Nitric oxide mediates metabolic functions in the bivalve Arctica islandica under hypoxia.

The free radical nitric oxide (NO) is a powerful metabolic regulator in vertebrates and invertebrates. At cellular concentrations in the nanomolar range, and simultaneously reduced internal oxygen partial pressures (pO2), NO completely inhibits cytochrome-c-oxidase (CytOx) activity and hence mitochondrial- and whole-tissue respiration. The infaunal clam Arctica islandica regulates pO2 of hemolymph and mantle cavity water to mean values of <5 kPa, even in a completely oxygen-saturated environment of 21 kPa.
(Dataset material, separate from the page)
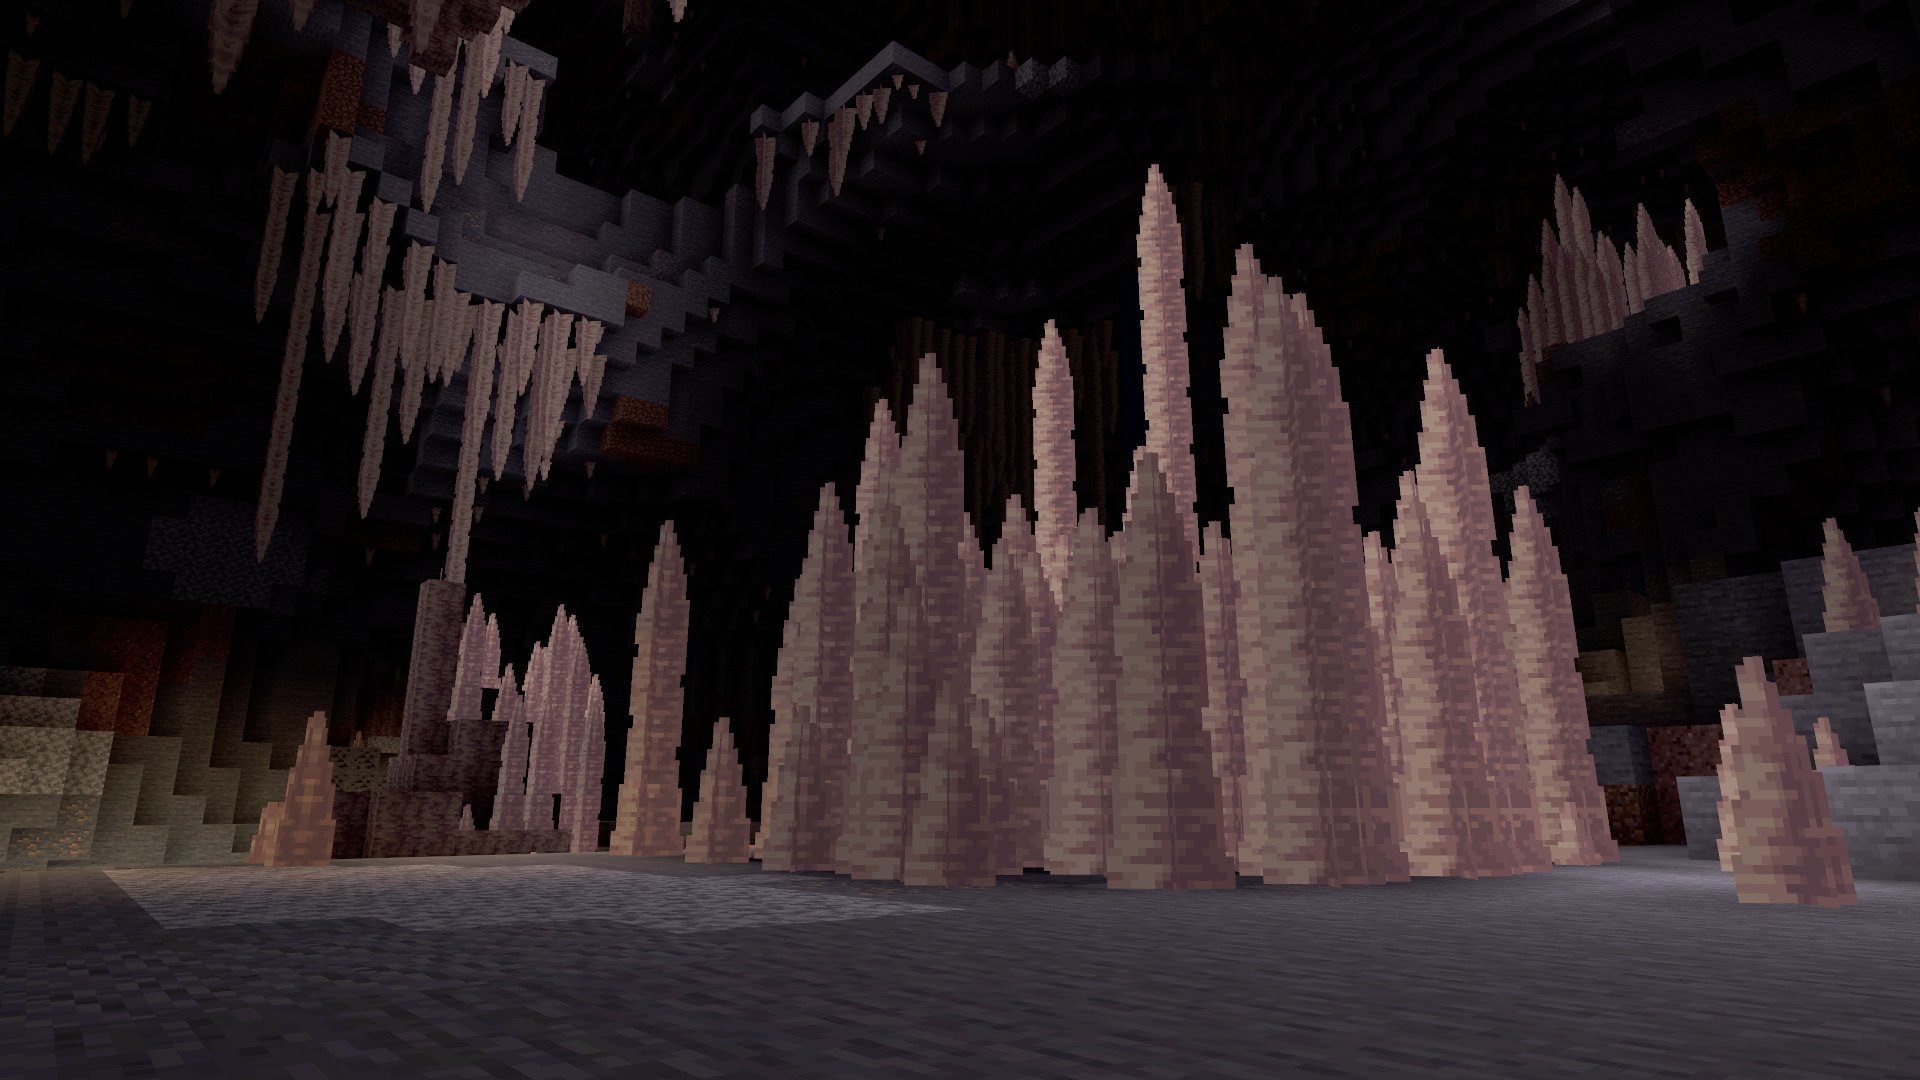 Minecraft 1.16.5 Release Candidate 1 is out, another Caves and Cliffs  snapshot hits next week

These low internal pO2 values support a longer NO lifespan and NO accumulation in the body fluids and can thus trigger a depression of metabolic rate in the clams. Measurable amounts of NO formation were detected in hemocyte cells (~110 pmol NO 100-1 hemocytes h-1 at 6 kPa), which was not prevented in the presence of the NO synthase inhibitor L-NAME, and in the gill filaments of A. islandica. Adding a NO donor to intact gills and tissue homogenate significantly inhibited gill respiration and CytOx activity below 10 kPa. Meanwhile, the addition of the NO-oxidation product nitrite did not affect metabolic rates. The high nitrite levels found in the hemolymph of experimental mussels under anoxia do not indicate cellular NO production, but could be an indication of nitrate reduction by facultative anaerobic bacteria associated with tissue and/or hemolymph biofilms. Our results suggest that NO plays an important role in the initiation of metabolic depression during self-induced burrowing and shell closure of A. islandica. Furthermore, NO appears to reduce mitochondrial oxygen radical formation during surfacing and cellular reoxygenation after prolonged periods of hypoxia and anoxia.